We need more servers, the most servers, and then a few more on top of that

A friend of mine, who studies Chinese history, recently told me a story about Chinese generals and their wars. Apparently the greatness and power of a general depended not on the victories he had, but on the number of solders he could command. Which lead to the Chinese style of war - where the armies move around each other a lot, but avoid any actual fighting at any cost. That was because no matter the outcome, both generals would loose some solders in a fight and their influence would diminish. Because of that they mastered those forms of wars where the outcome is decided without a single engagement.

Something like this is happening in the DevOps world right now. But instead of soldiers, we have servers.

I was chatting to one DevOps engineer, who used Kafka and claimed to get a decent performance out of it (which is impossible). Over the course of conversation it turns out that his organization runs hundreds and hundreds of Kafka servers. Considering this, their per-server traffic was nothing out of usual and could've been handled by anything - from MySQL to Cassandra. The conversation went on and I realized that having 400+ Kafka servers is not seen by that DevOps engineer as a problem. He takes a great deal of pride in it. If I were to come up with a solution that would've handled his usecase on 2 or 3 servers (just for HA) he would've rejected such an offer. He wants his big cluster of terrible applications.

I think this is an outcome of organization pushing the decision-making down the chain of command. It is great that a team can choose whatever technology it likes. But the developer making a decision needs to advance his career. And what would she prefer on her resume: "400 Kafka" or "3 RabbitMQ" servers?

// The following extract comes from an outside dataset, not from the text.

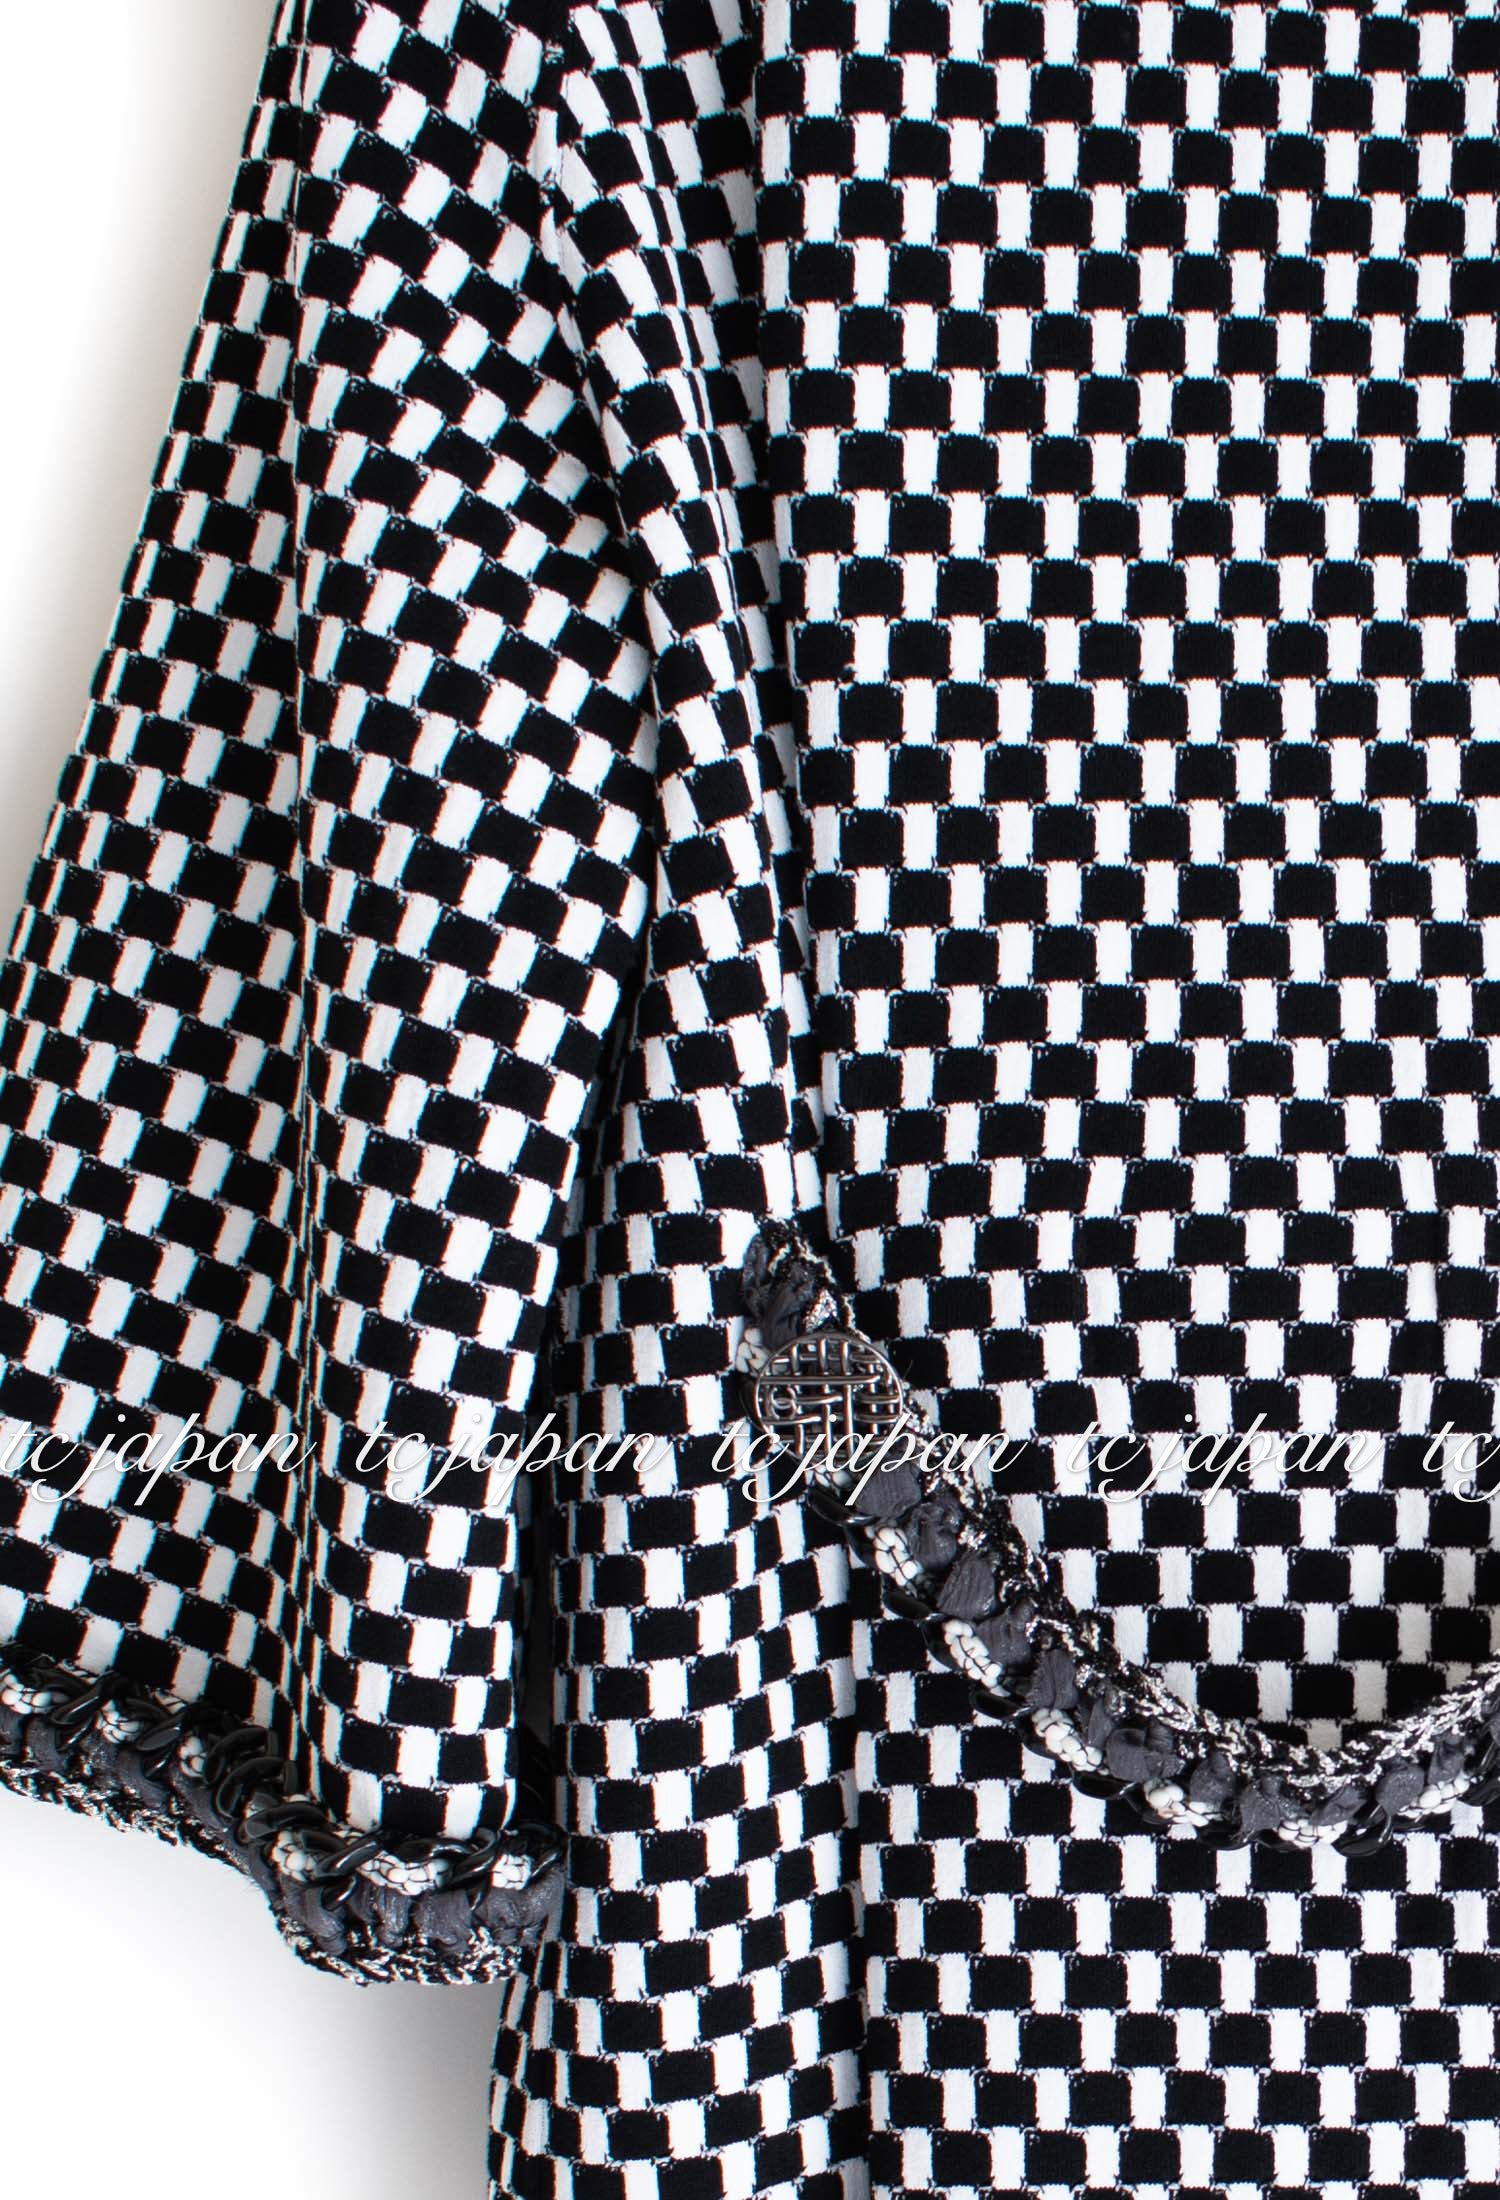 CHANEL 14S Black White Chain trimming Knit  Coat Cardigan 38 40 シャネル チェーントリム・チェック柄 ホワイト・ブラック・ニット・コート 即発

Who would you hire to manage your swarm in the cloud, a person who has managed thousands of docker containers already or an engineer who use to know the IP address of each box she runs?

We now have a new form of mastery, not dissimilar from the old Chinese stratagems, where some people write terribly inefficient code and wrap it in tons of marketing BS, while others pretending to eat it by the spoonfull and jumping on the bandwagon only ever happy to see their clusters ballooning beyond reason.

I wonder if studying "The Art of War" by Sun Tzu should be part of a modern CS course.